Мысли дробились и разбегались, как ртутные шарики. Внезапно Многоликий испугался, что после очередного удара уже никогда не превратится в человека — просто не сможет вспомнить, как выглядит в этом качестве. Глухо заворчал, попытался, хотя и без толку, принять более удобную позу — и совершил превращение. Сеть обвисла, но сразу же начала стягиваться вокруг уменьшившего свои размеры тела. Феликс повернул голову к Потрошителю и встретился с ним взглядом. С минуту они смотрели друг другу в глаза, после чего Придворный Маг заключил:
— По-моему, тебе не хватило. Что ж, поговорим позже.
Прежде чем пленник произнёс хоть слово, рукой в лаковой чёрной перчатке колдун опять прикоснулся к сетке, и на оборотня обрушился четвёртый удар, которого так хотелось избежать — и который, в итоге, его вырубил.
А когда Многоликий очнулся, он обнаружил, что сетки на нём больше нет, но он распластан на кровати — той же самой кровати, гораздо больше напоминающей экспериментальный стенд, чем ложе для сна. Что вместо собственной одежды на нём паршивое арестантское тряпьё, точь-в-точь такое же, какое было сожжено в Лагошах. Что под этими тряпками знакомо натирает кожу магический пояс, от которого змеится к стене тяжёлая битая ржавчиной цепь. И что на громоздком столе справа от кровати всё так же блестят начищенным металлом Манганины приспособления. Нога, правда, в этот раз не болела. И спасения в этот раз ждать было абсолютно неоткуда.
Внутренние часы у пленника разладились: он даже приблизительно не представлял, сколько прошло времени с момента его повторного заточения, когда где-то вдалеке заскрежетала, открываясь, дверь. Затем — другая, поближе; затопали ноги, загомонили мужские голоса. Феликс встрепенулся, напряжённо прислушался и различил:
— У нас тут всё тихо, ваша милость. Похоже, он спит…

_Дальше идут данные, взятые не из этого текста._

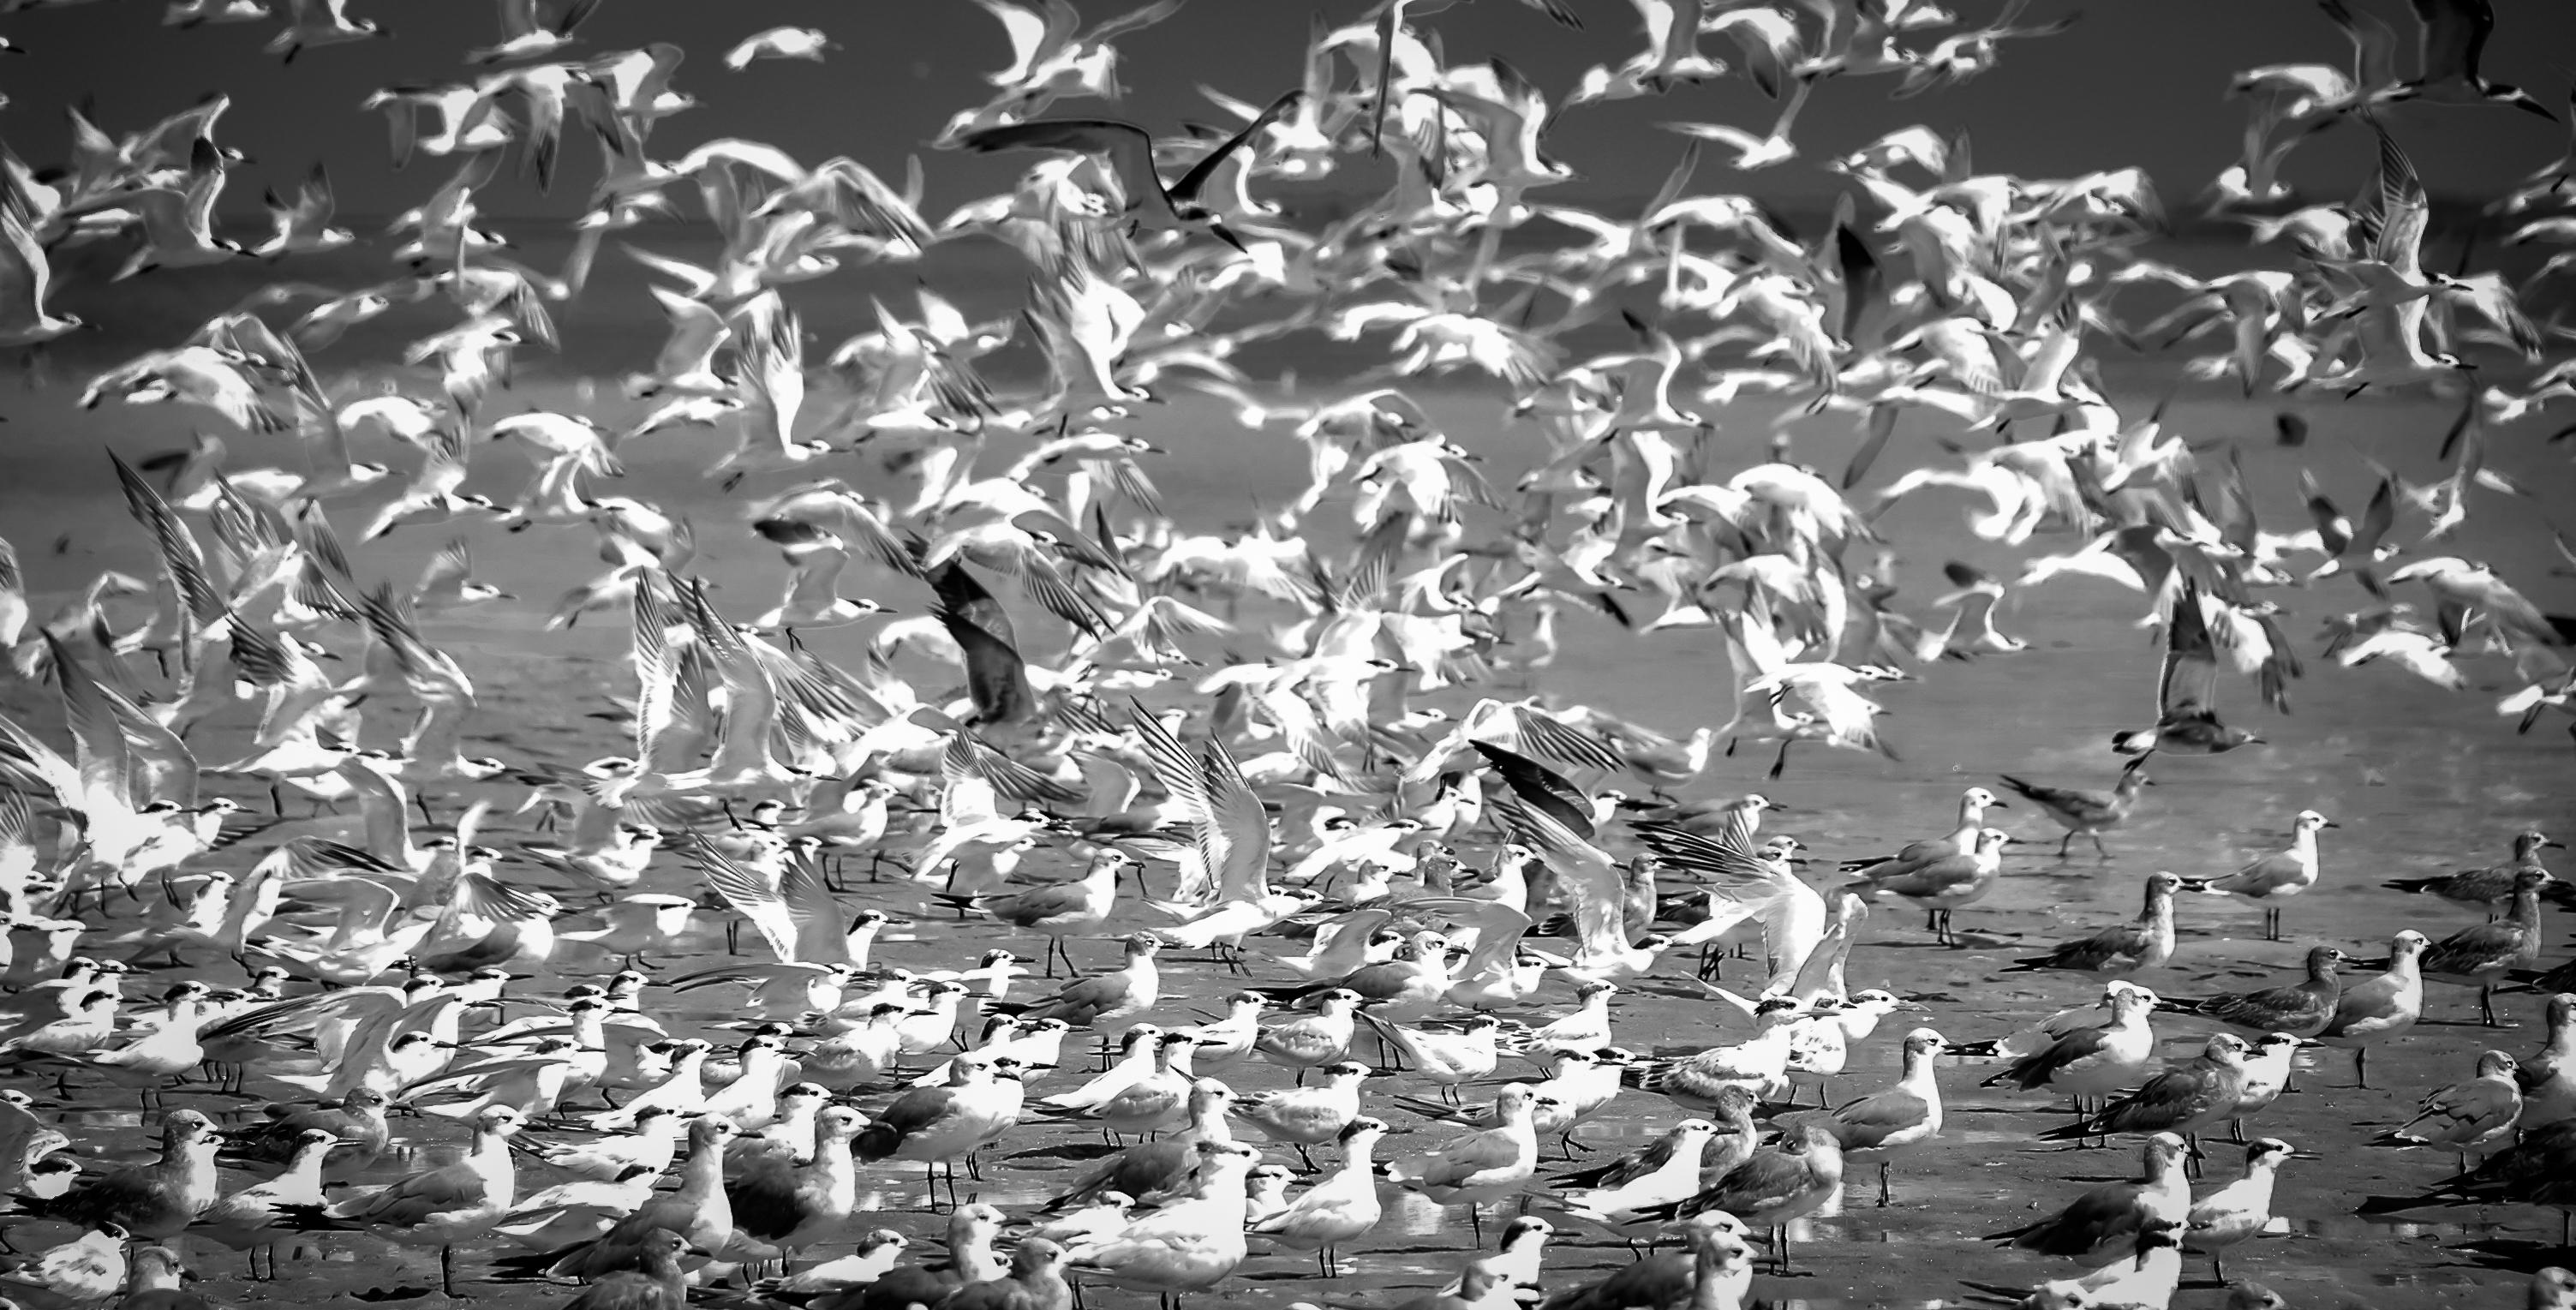 Seabirds Take Flight

«Ваша милость» — это Мангана. Что ж, давно пора ему появиться, подумал было Многоликий, но тут другой стражник с утроенным почтением пробасил:
— Сюда, пожалуйста, ваше высочество! Не извольте беспокоиться, клетка надёжно заперта, — и оборотень так и подскочил на месте, взвыв от боли в прикованных запястьях.
«Ваше высочество» — это Принцесса! Принцесса?! Проклятье!!! Зачем она тут?! Почему её сюда пустили?!
— У вас пять минут, — где-то поблизости проскрипел Придворный Маг. — Дорогу вы знаете, не так ли?
Вслед за новой порцией шагов, голосов и дверного скрежета наступила тишина. И сразу у решётки появилась Эрика. Чёрный шёлковый плащ, край клетчатого платья, с двух сторон подхваченные гребнями волосы… почти такая же, как в их вторую встречу. Только платье тогда было полосатое, и волосы распущенные — это ему запомнилось. «Злыдни болотные, что за чушь лезет в голову…» И на щеках у неё тогда не блестели дорожки слёз, и губы не ломались от боли. Обеими руками вцепившись в решётку, девушка замерла. Многоликий смотрел на неё, стараясь не упустить ни единой чёрточки, секунды удлинились и стали прозрачными и тягучими, как смола.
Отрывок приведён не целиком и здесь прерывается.